Provided material:
::::::
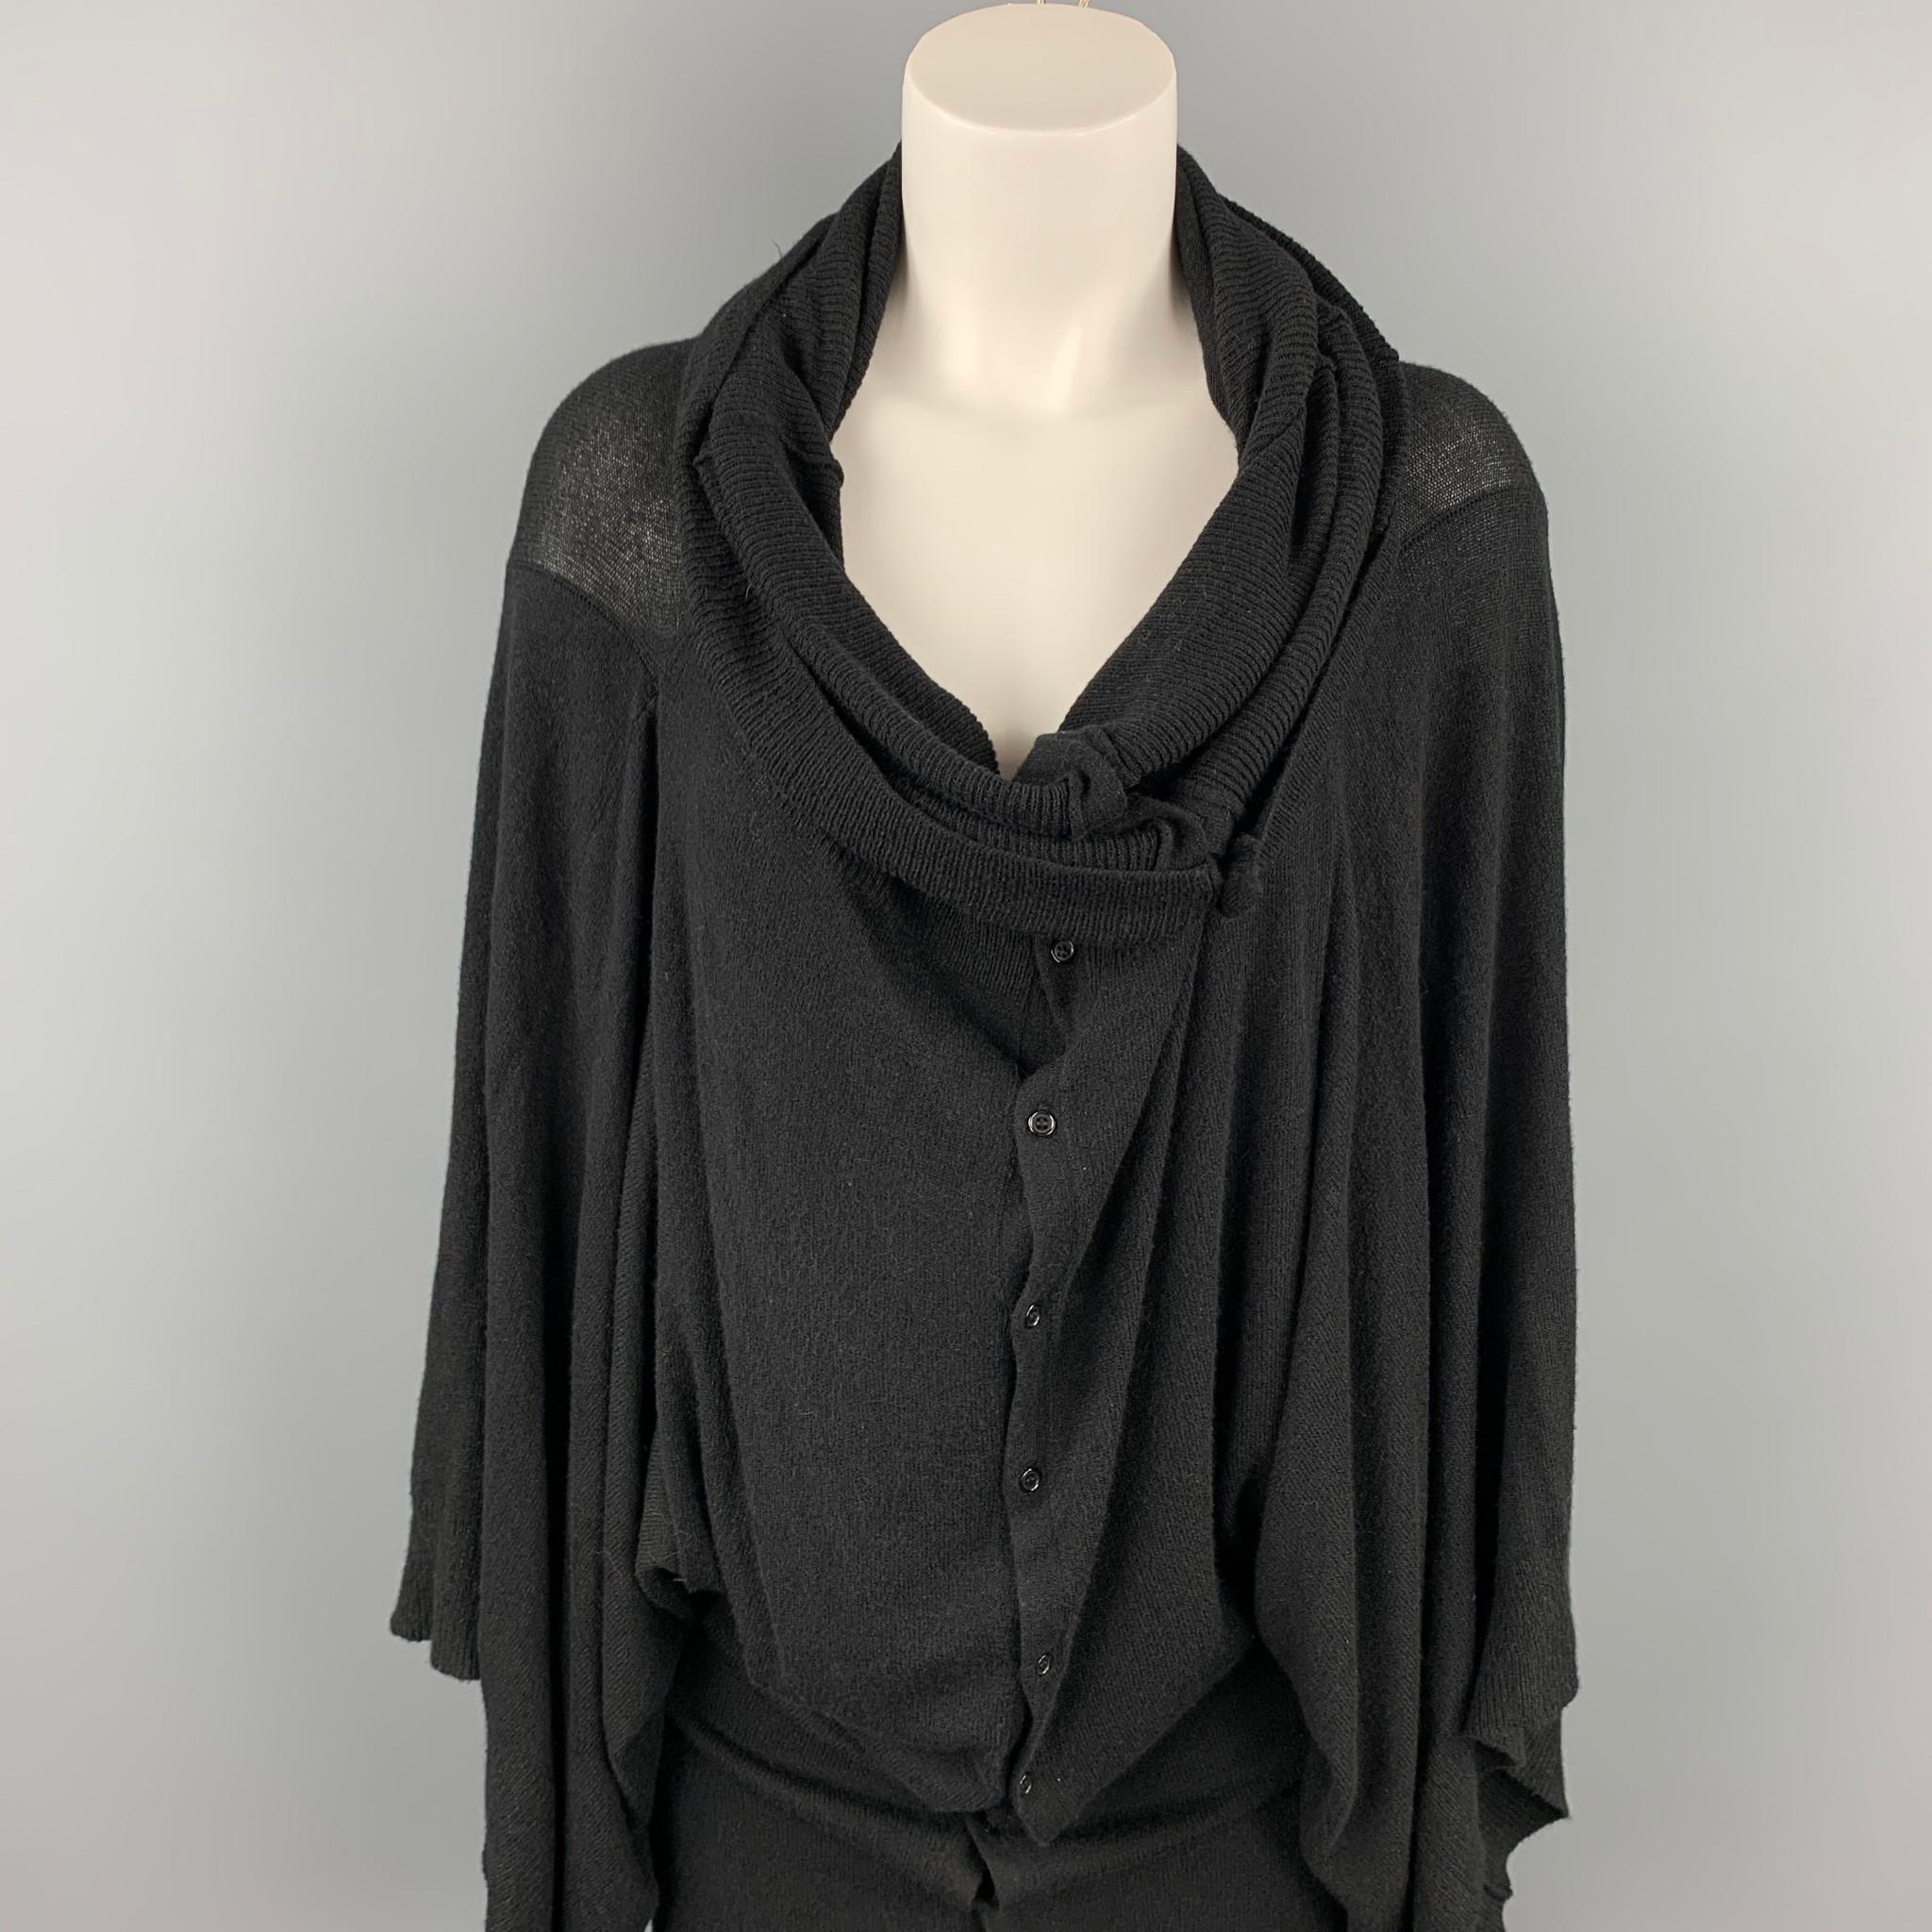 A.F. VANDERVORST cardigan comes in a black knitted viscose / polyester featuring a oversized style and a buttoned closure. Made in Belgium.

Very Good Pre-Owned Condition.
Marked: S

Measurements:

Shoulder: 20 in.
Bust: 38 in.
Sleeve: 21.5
::::::
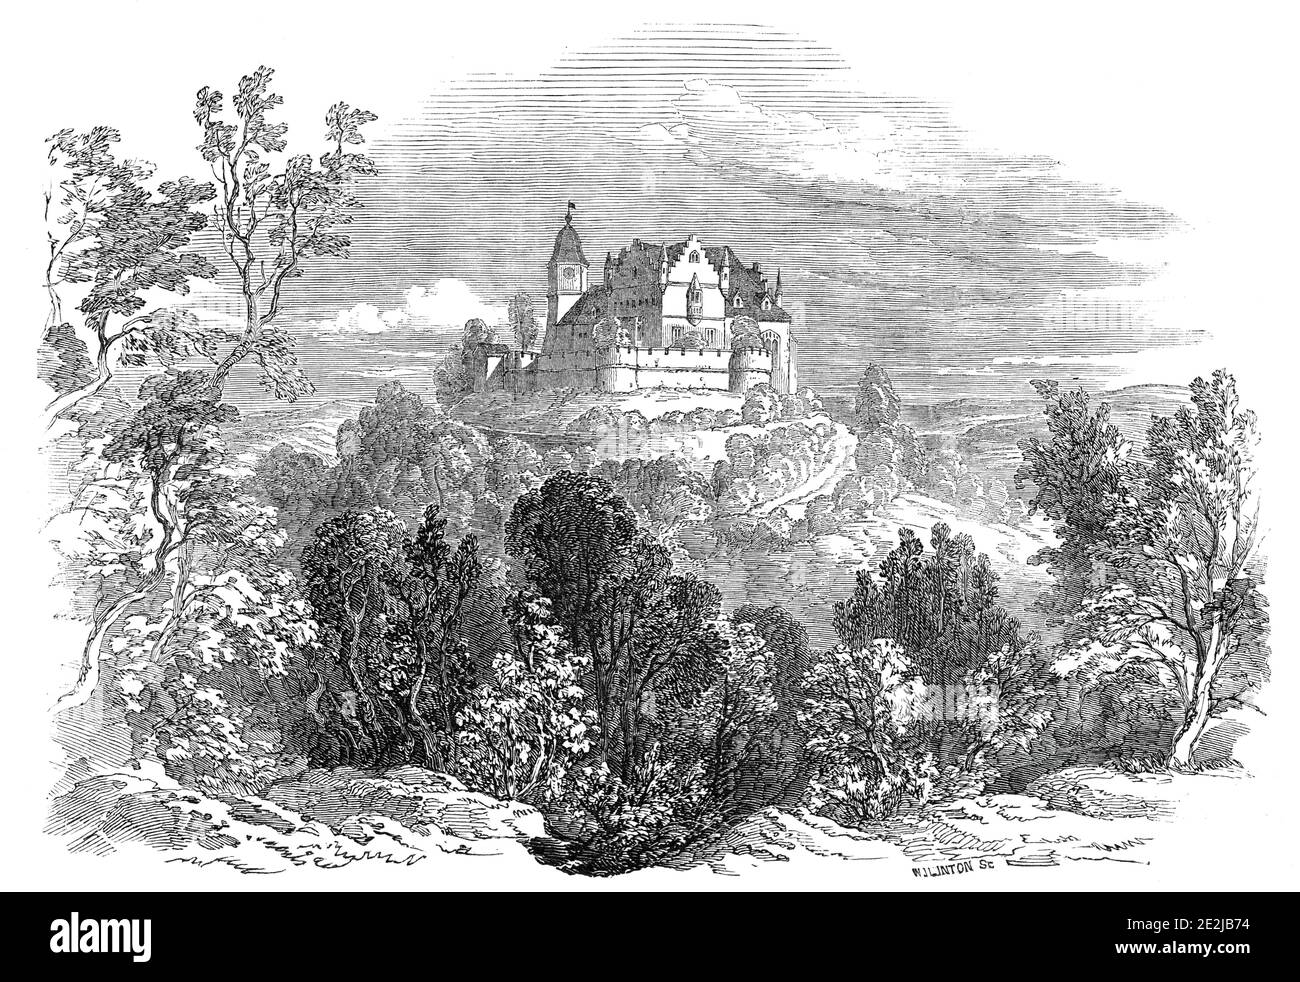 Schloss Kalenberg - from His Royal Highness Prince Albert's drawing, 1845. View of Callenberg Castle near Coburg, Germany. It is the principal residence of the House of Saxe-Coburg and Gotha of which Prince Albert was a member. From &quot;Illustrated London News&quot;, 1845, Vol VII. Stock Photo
::::::
The lines to set down run from the line with "A.F. VANDERVORST cardigan" up to and including the line with "Sleeve: 21.5" in the entries above. Reproduce them exactly, with no pictures.

Output below:
 A.F. VANDERVORST cardigan comes in a black knitted viscose / polyester featuring a oversized style and a buttoned closure. Made in Belgium.

Very Good Pre-Owned Condition.
Marked: S

Measurements:

Shoulder: 20 in.
Bust: 38 in.
Sleeve: 21.5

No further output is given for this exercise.